I am running into 'transaction log full' issue with SQL Server 2008 R2.

My database includes 80,000 tables which contains up to 5 columns of BIGINT and there is an index for each columns.

The recovery model for the database is set to simple.

The pattern of work with the database is by conducting a large number of bulk insert, update and delete command for about 50 hours while for given time there are only 8 commands are executing in the same period of time.

The transaction log file was set to auto growth by 10 percent and was limited to 2,000 GB (this was defined by mistake since the disk size is only 500 GB).

The 'transaction log full' exception occurred while the database was executing the commands described above and its file size was 41 GB and the log file was 270 GB which use all disk space.

In order to prevent the issue from reoccurring we set the max log file size to 20 GB and removed all transactions in the commands described above (since the use of transaction was not needed).

But unfortunately we experienced this exception again while the log file reached the 20GB limit.

Is it possible that the SQL server doesn’t truncate the log file due to the fact that the server is always executing commands and therefore there is not a single moment were the transaction log is not in use?

What might be the reason for that behavior?


Transaction log is growing probably because you did these operations in a single transaction instead of break them into smaller transactions. For example, if you delete 1 ML records all toghether, the operation will be first inserted into transaction log and then committed to database.
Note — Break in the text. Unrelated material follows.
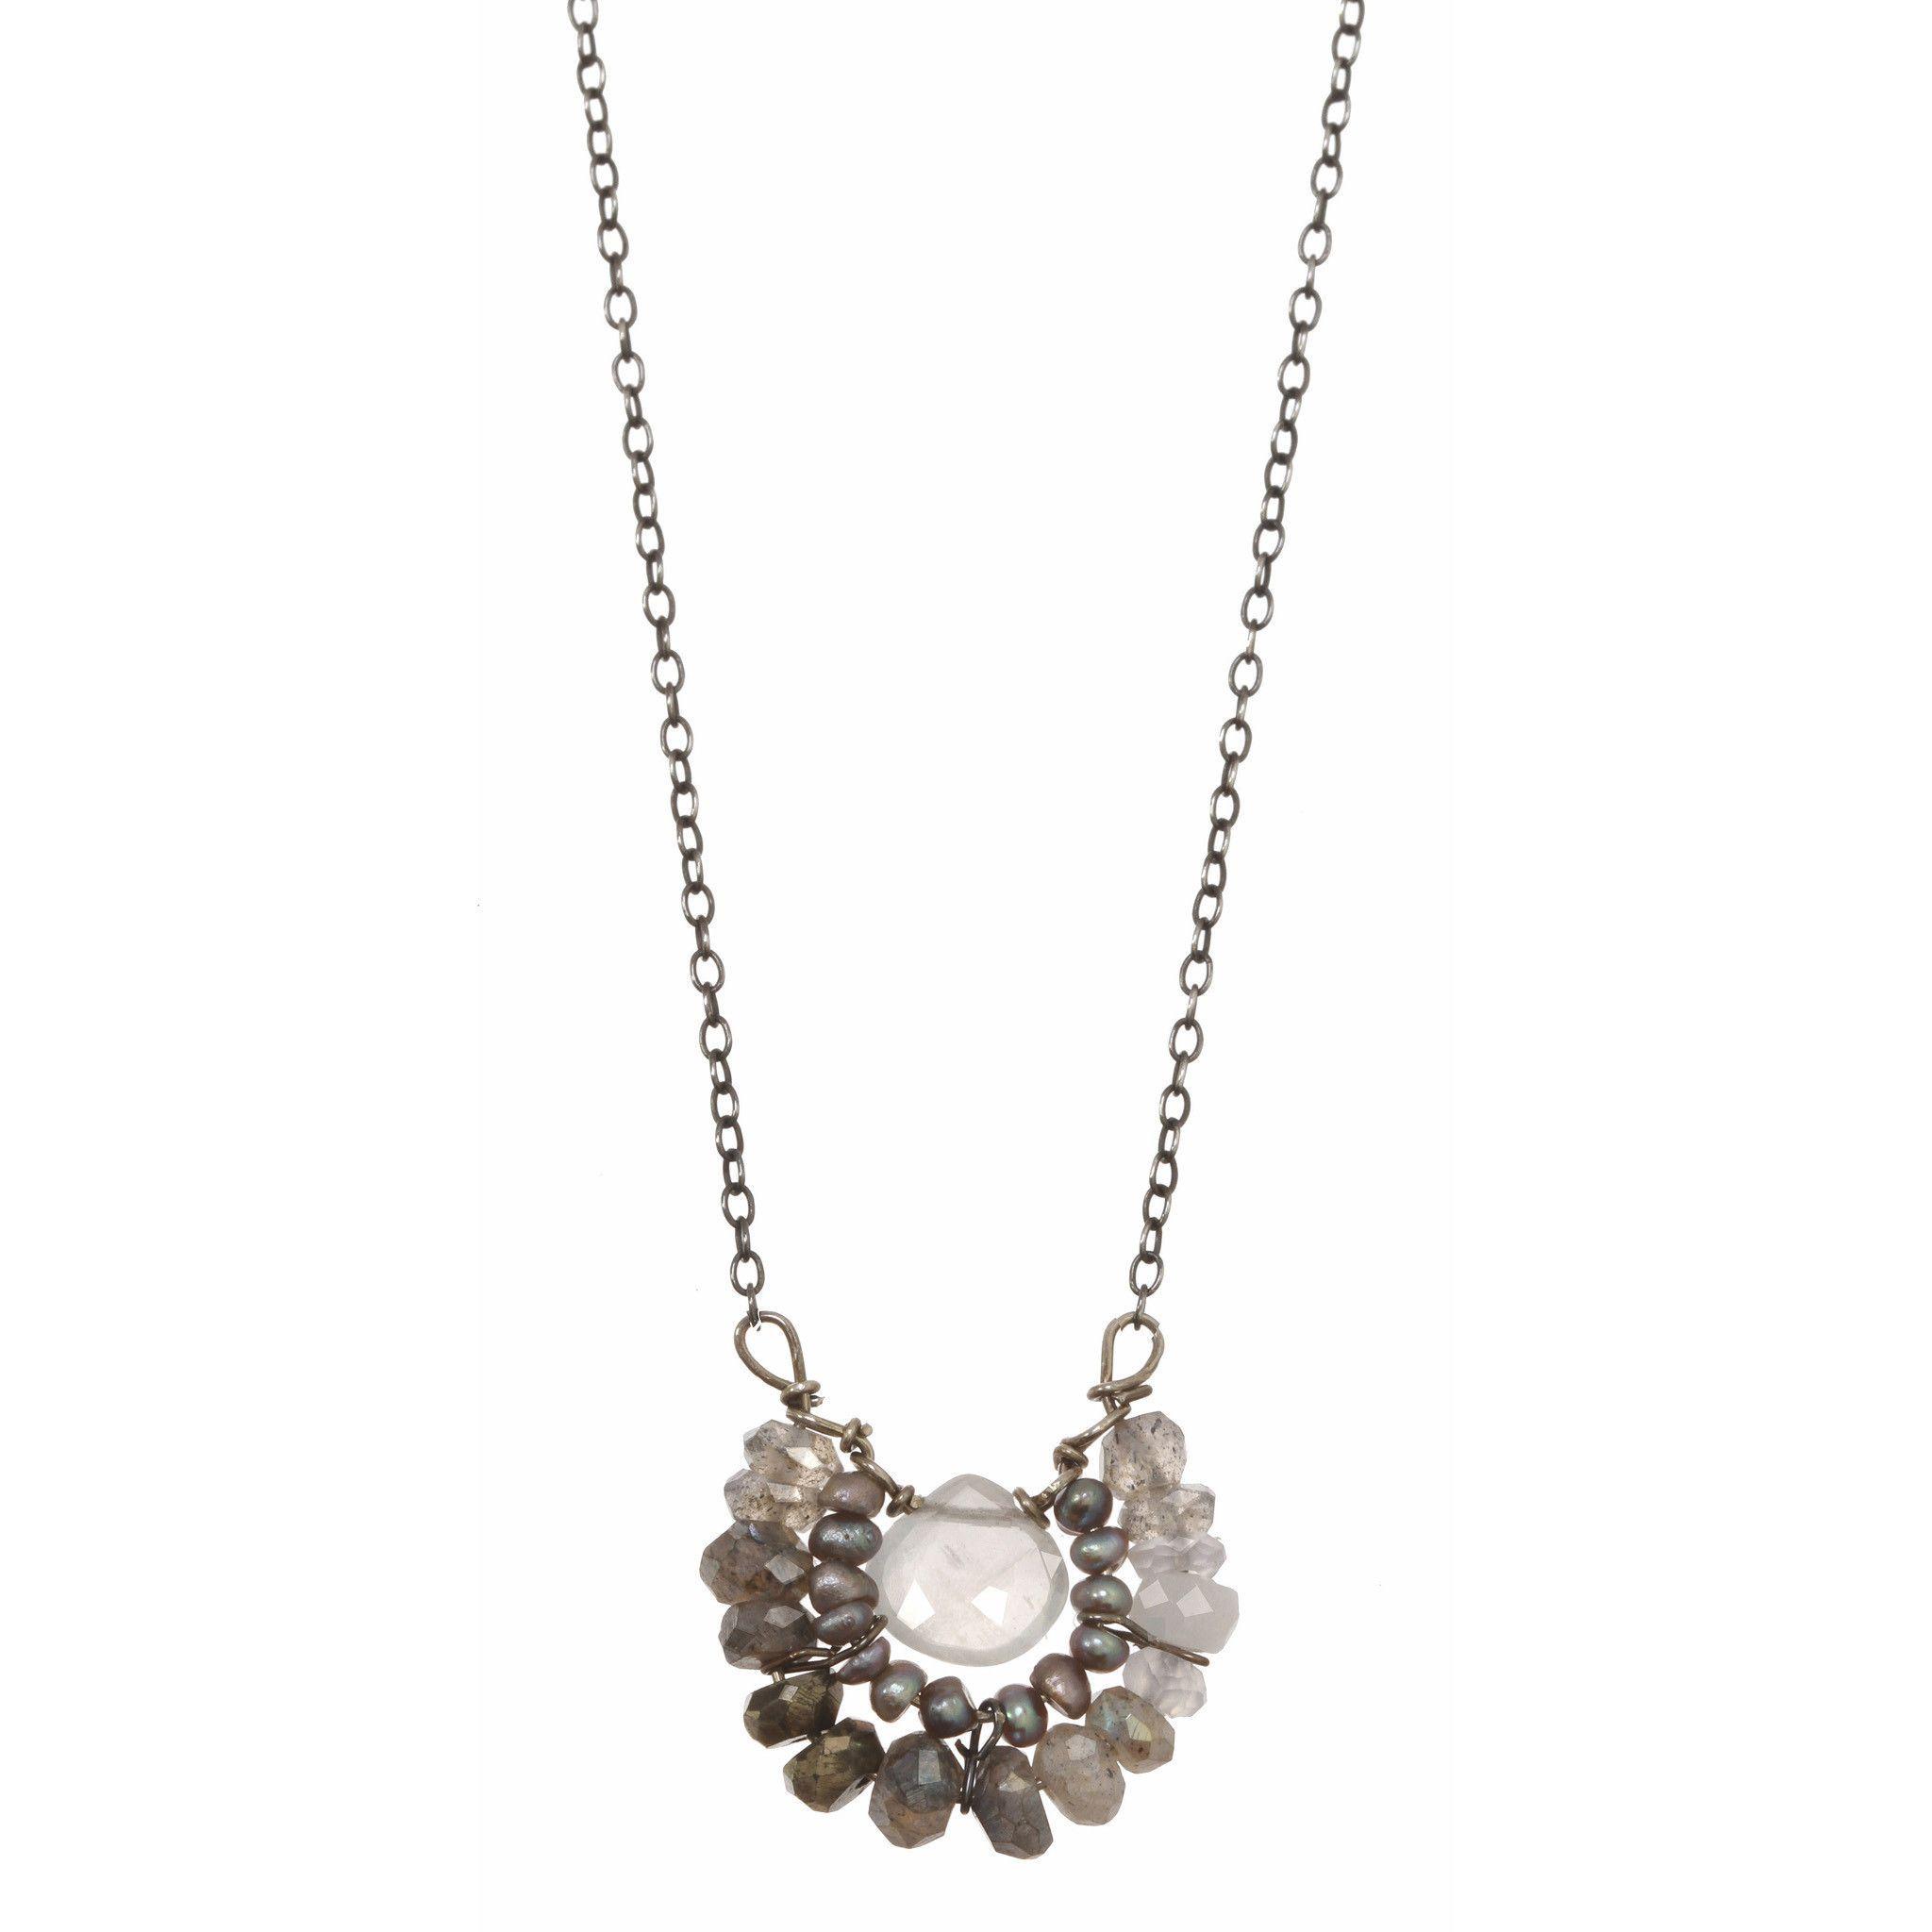 Michelle Pressler Necklace Labradorite and Pearl 2353 Artistic

But if you break the delete into smaller transactions, say 10.000 records each, transaction log will be smaller and you will be safe with your available disk space.
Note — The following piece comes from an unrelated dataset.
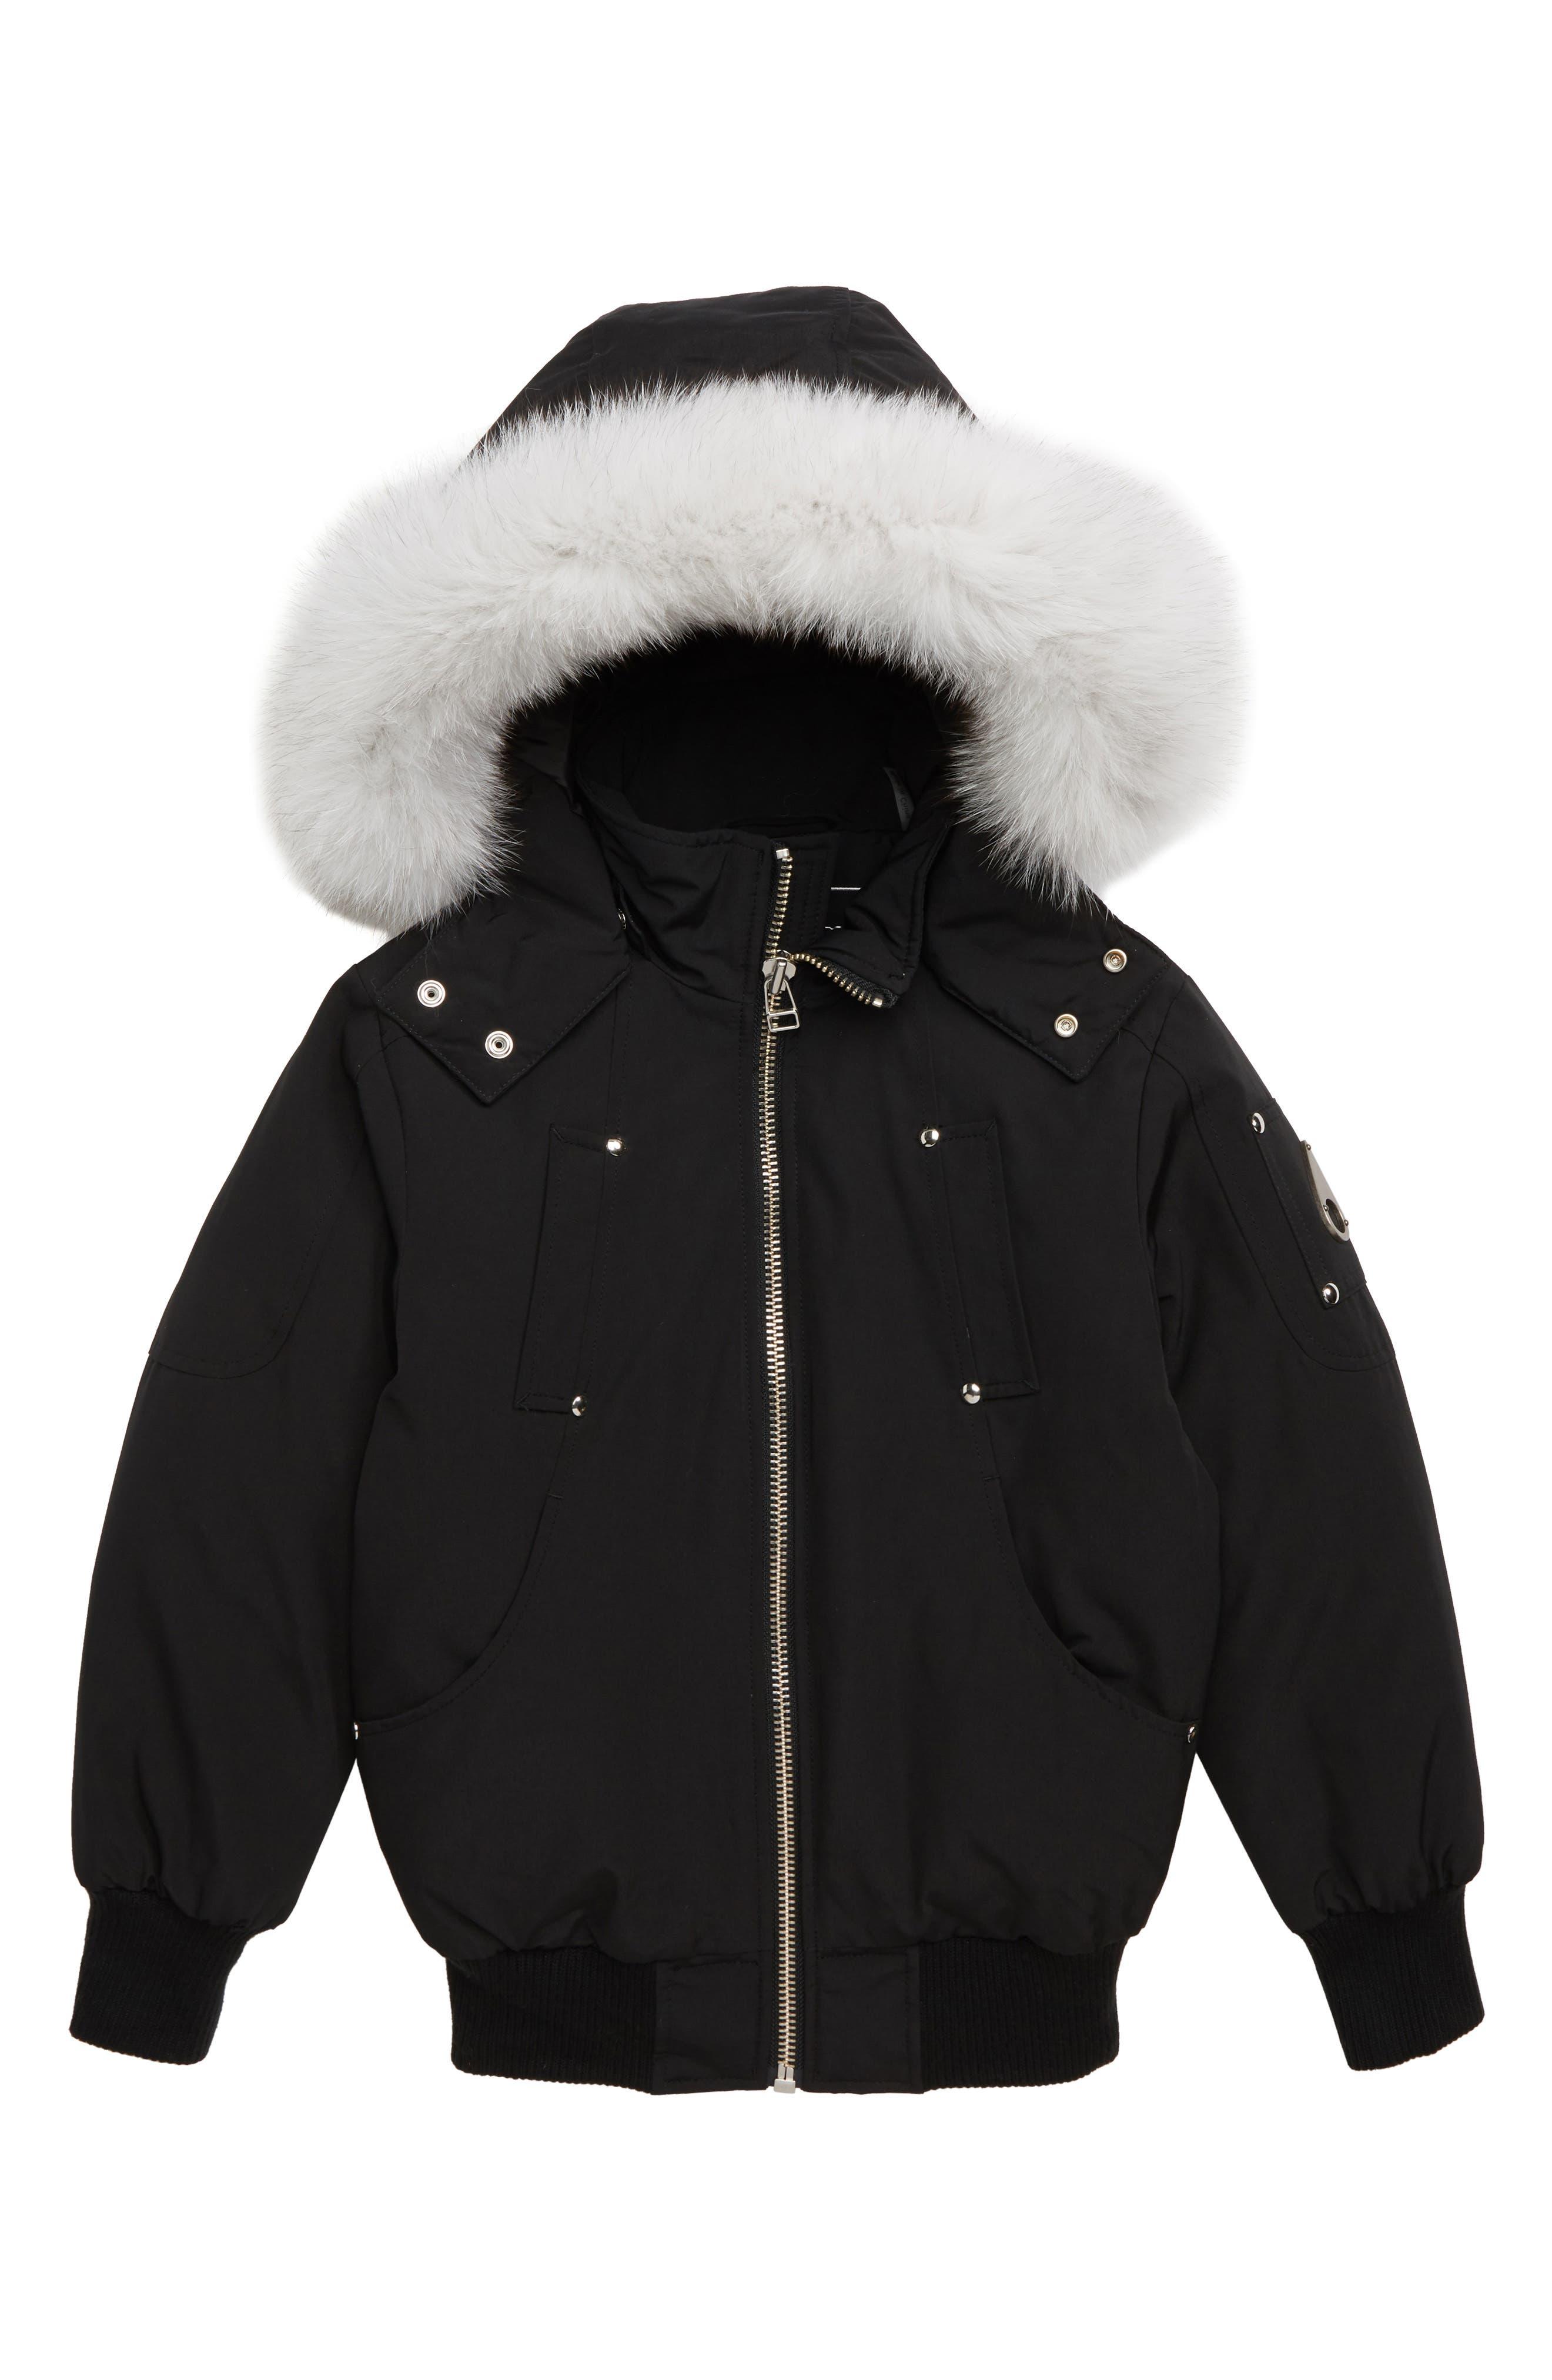 MOOSE KNUCKLES, Bomber Jacket with Genuine Fox Fur Trim, Main thumbnail 1, color, BLACK

  • please take a look at our FAQ, specifically the section on Can I use a signature or tagline? as we discourage their use here. – Ben Pilbrow May 3 '11 at 12:41
  • I broke all my long operations into smaller ones and it did resolve the transaction log issue. The problem is that by breaking the operation into smaller ones the operations cannot be an atomic one. Any ideas on that matter? – DoronBM May 26 '11 at 4:14
  • Each transaction is an atomic operation by design so if you break a long operation into smaller transactions it will result in many atomic operations. Again if you need to rollback the entire operation (so making it atomic) it has to be entirelly contained into transaction log but this will produce a big tlog. If you only need a result for the entire operation (OK/ERROR) without to be able to rollback all you can use a TRY CATCH statement – Danilo Brambilla May 27 '11 at 9:13

Is it possible that you had a single transaction that was running before you started this data run? Transaction logs are written to sequentially and sections of the file can only be re-used when all of the transactions in that section are finished. A single long running transaction (even if it's not doing anything) could stop the log being re-used.